Consider a sealed flask with a movable piston that contains \(5.25 \mathrm{~L}\) of \(\mathrm{O}_{2}\) saturated with water vapor at \(25^{\circ} \mathrm{C}\). The piston is depressed at constant temperature so that the gas is compressed to a volume of \(2.00 \mathrm{~L}\). (Use the table in Appendix 1 for the vapor pressure of water at various temperatures.) (a) What is the vapor pressure of water in the compressed gas mixture? (b) How many grams of water condense when the gas mixture is compressed?

First, we will determine the initial pressure of the flask, using the vapor pressure of water at 25°C. The vapor pressure of water at 25°C from the table in Appendix 1 is 23.76 mmHg. Thus, we assume that the total pressure in the flask is the same as the vapor pressure of water. Now we can use the Ideal Gas Law to find the number of moles of oxygen gas in the flask. The Ideal Gas Law is given by: PV = nRT We can convert the pressure to atmospheres by dividing it by 760 mmHg/atm. P = 23.76 mmHg * (1 atm / 760 mmHg) = 0.0313 atm Let nO2 be the number of moles of \(\ce{O2}\). We can now solve for nO2: nO2 = PV / RT = (0.0313 atm * 5.25 L) / (0.0821 L atm/mol K * (273 + 25) K) = 0.00755 mol To find the mole fraction of oxygen gas and water vapor, we'll first find the number of moles of water vapor present which can be found using nH2O = (P_H2O * V) / RT Where P_H2O is the partial pressure of water vapor which is same as the vapor pressure of water at 25°C, V = 5.25 L, R is the gas constant, 0.0821 L atm/mol K and T = 25°C + 273 = 298 K. nH2O = (0.0313 atm * 5.25 L) / (0.0821 L atm/mol K * 298 K) = 0.00755 mol Now we can find the mole fractions of oxygen and water vapor: Mole fraction of O2 (xO2) = nO2 / (nO2 + nH2O) = 0.00755 / (0.00755 + 0.00755) = 0.5 Mole fraction of H2O (xH2O) = nH2O / (nO2 + nH2O) = 0.00755 / (0.00755 + 0.00755) = 0.5

Since the temperature remains constant during the compression, we can use Boyle's Law for each component, P1V1 = P2V2 Final Pressure of O2 (P'O2) = (Initial Pressure of O2 * Initial Volume) / Final Volume = 0.01565 atm * 5.25 L / 2.00 L = 0.0409 atm Final Pressure of H2O (P'H2O) = (Initial Pressure of H2O * Initial Volume) / Final Volume = 0.01565 atm * 5.25 L / 2.00 L = 0.0409 atm Final total pressure of gas mixture (Pfinal) = P'O2 + P'H2O = 0.0409 atm + 0.0409 atm = 0.0818 atm

We already know the final total pressure of the gas mixture. Now we can use the mole fraction of water vapor to find the partial pressure of water vapor in the compressed gas mixture. P'H2O = xH2O * Pfinal = 0.5 * 0.0818 atm = 0.0409 atm Thus, the vapor pressure of water in the compressed gas mixture is 0.0409 atm.

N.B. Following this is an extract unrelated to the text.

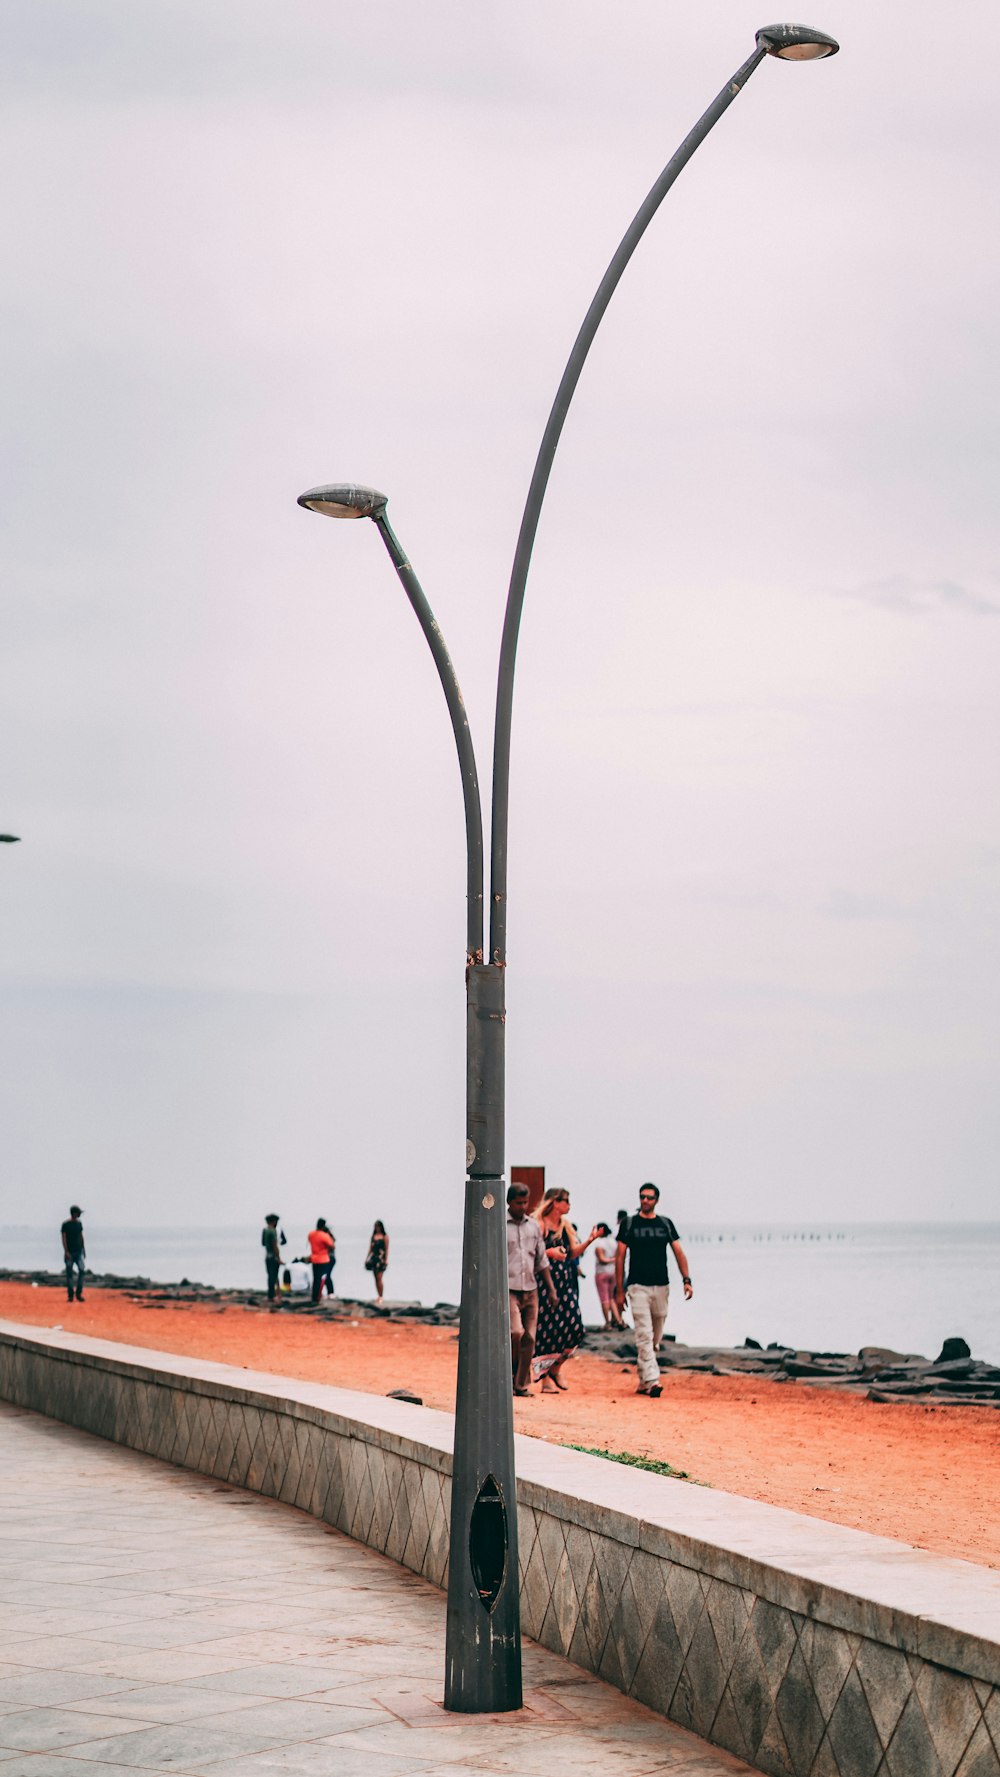 Un gruppo di persone che camminano su una spiaggia vicino a un palo della luce

Now that we know the final partial pressure of water vapor in the compressed gas mixture, we can find the moles of water vapor present after compression. nH2O_final = (P'H2O * Final Volume) / RT = (0.0409 atm * 2 L) / (0.0821 L atm/mol K * 298 K) = 0.00335 mol The moles of water vapor that condense can be calculated by subtracting the moles of water vapor after compression from the initial moles of water vapor. n_condensed = nH2O - nH2O_final = 0.00755 mol - 0.00335 mol = 0.00420 mol Now, we can convert the moles of water vapor that condense to grams using the molecular weight of water, 18.015 g/mol. grams_condensed = n_condensed * molecular_weight = 0.00420 mol * 18.015 g/mol = 0.0757 g So, 0.0757 grams of water condense when the gas mixture is compressed.